A critical vulnerability detected in WordPress eCommerce plug-in WooCommerce has been targeted by threat actors just as a patch was released. ThreatPost explains that as soon as WooCommerce became aware of the SQL-injection bug, reported by researchers at Development Operations Security and HackerOne on July 13, it immediately created and released an emergency patch to users, and the attacks began on July 15. Pravin Madhani, CEO and Co-Founder, K2 Cyber Security, told SecurityWeek that the incident is a good reminder to users to frequently update WordPress programs, and noted that “SQLi vulnerabilities are part of the OWASP Top 10 Web Application Risks, and well known, so it’s a surprise these vulnerabilities aren’t discovered during application development.”

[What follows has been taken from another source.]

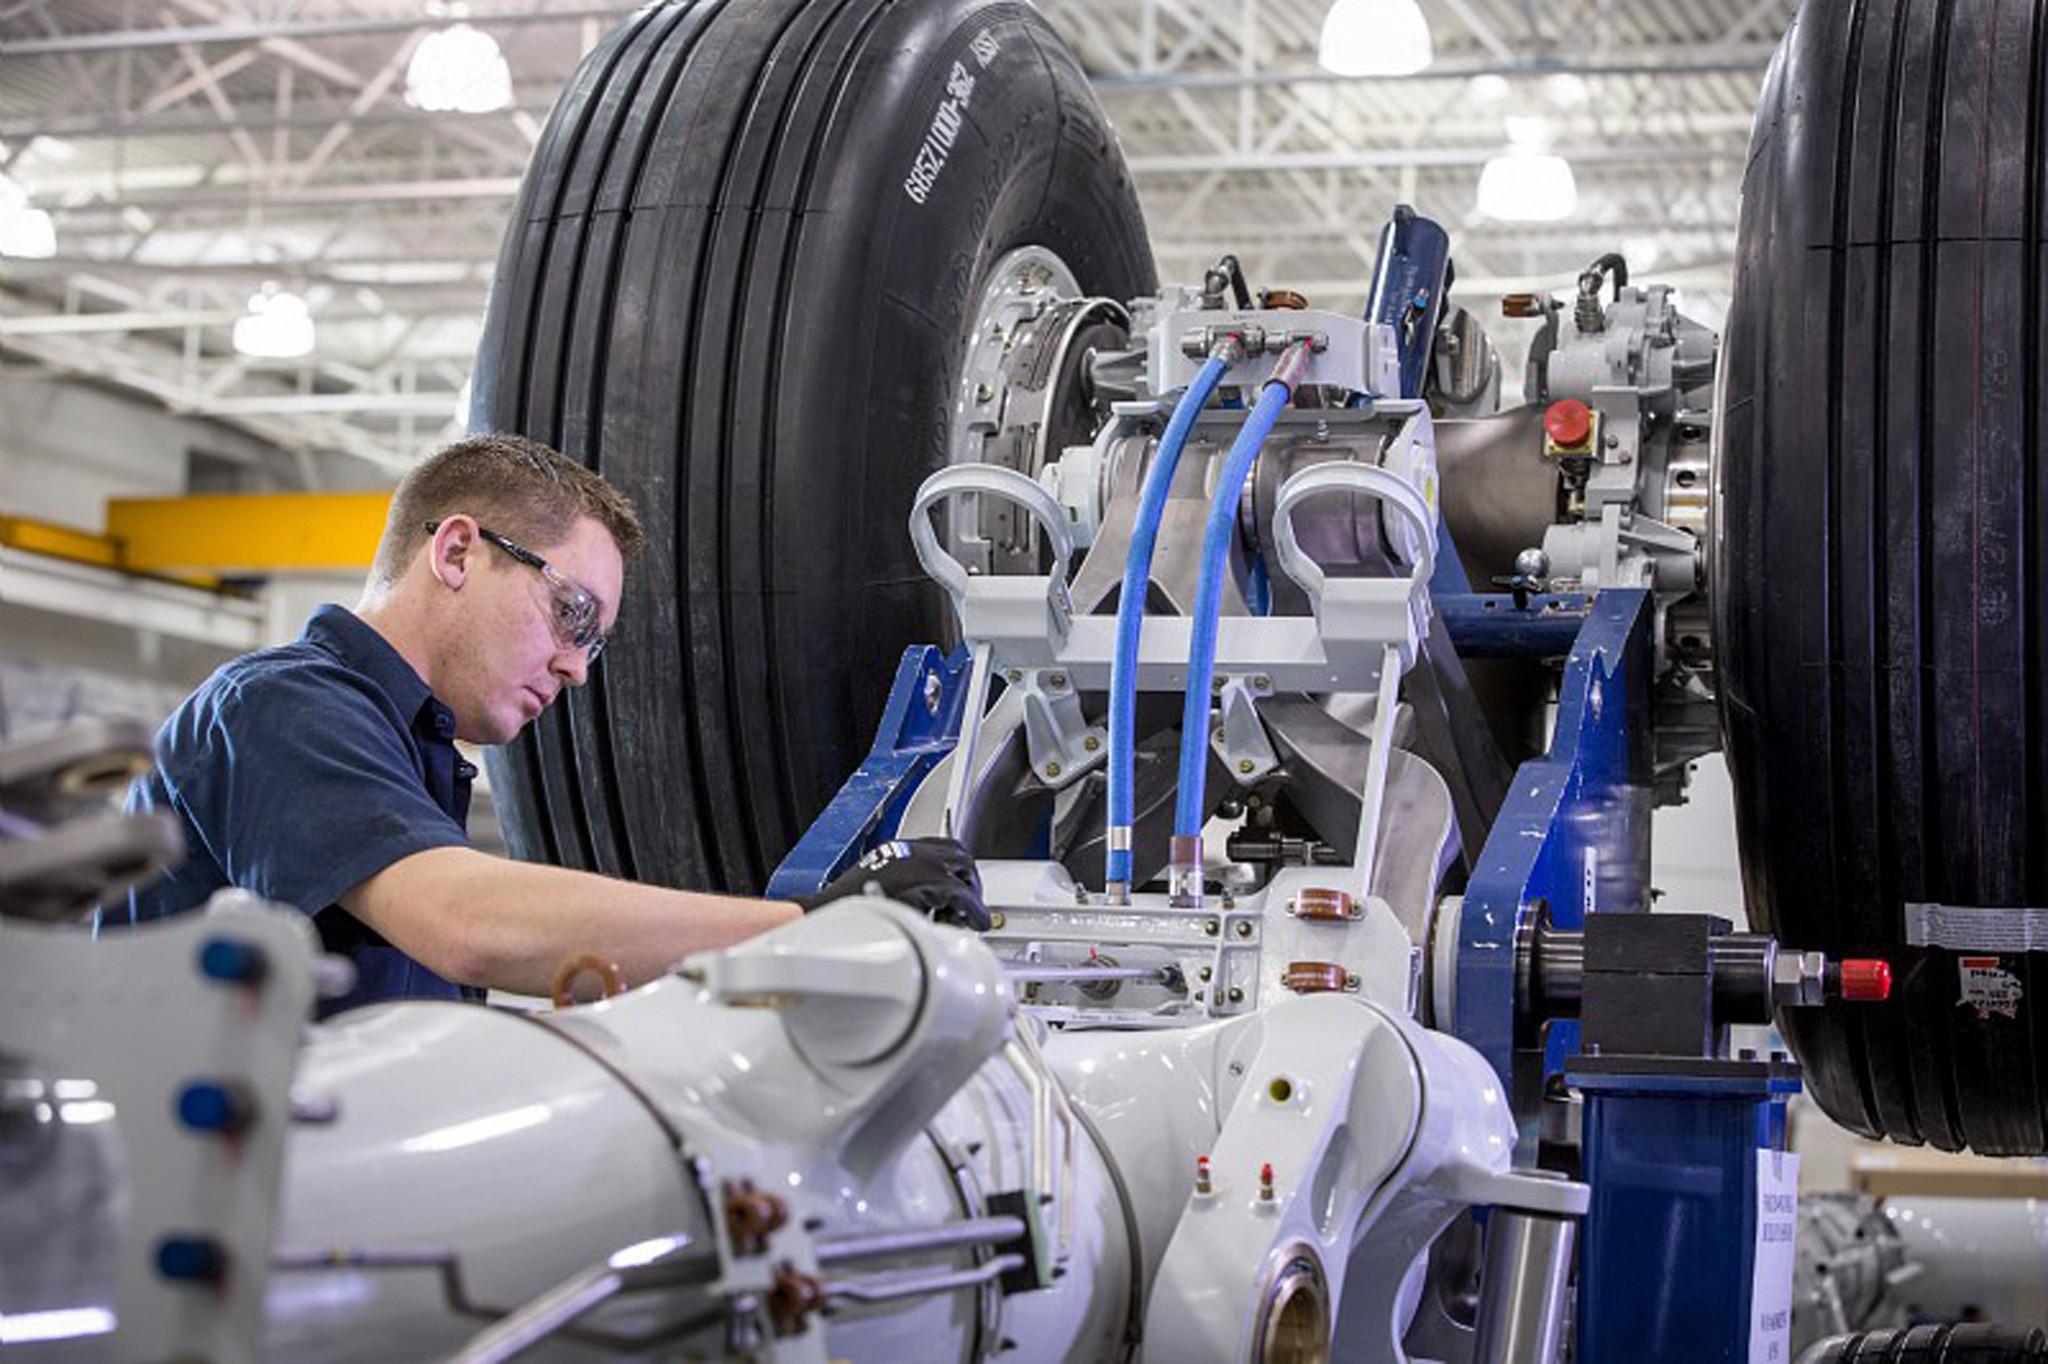 http://www.trbimg.com/img-5564c222/turbine/mc-safran-opens-lehigh-valley-facility-20150526

Pravin Madhani, CEO and Co-Founder of K2 Cyber Security:
“The discovery of a new SQL injection (SQLi) vulnerability in WooCommerce is a good reminder to check on the security and to update programs used with WordPress (in addition to checking on and updating WordPress itself). SQLi vulnerabilities are part of the OWASP Top 10 Web Application Risks, and well known, so it’s a surprise these vulnerabilities aren’t discovered during application development. This means it’s more important than ever to have runtime application security for WordPress and software that works with WordPress.
"Runtime application security provides protection for well-known problems like zero day attacks and the OWASP Top 10. Additional support indicating the importance of runtime application security came in late 2020, when NIST SP 800-53 was published. The revised security and privacy framework included two major updates that offer insights into how security pros can improve their application security. The new framework includes requirements for both runtime application self-protection (RASP) and interactive application security testing (IAST).“
Ransomware group threatens to reveal targets’ criminal activities.
The Mespinoza cybergang is taking double-extortion ransomware to another level, ZDNet reports, by seeking out evidence of targets’ criminal activities to use as leverage. Mespinoza, a threat group so dangerous it motivated the US Federal Bureau of Investigation to issue warnings about its activities, compromises remote desktop protocol networks and then uses a backdoor to maintain persistent access, allowing them to scour the target’s system for incriminating data. "They search using sensitive terms such as illegal, fraud, and criminal. In other words, the actors are also interested in illegal activities known to the organisation that could provide extreme leverage should a negotiation start," stated Alex Hinchliffe of Unit 42 at Palo Alto Networks.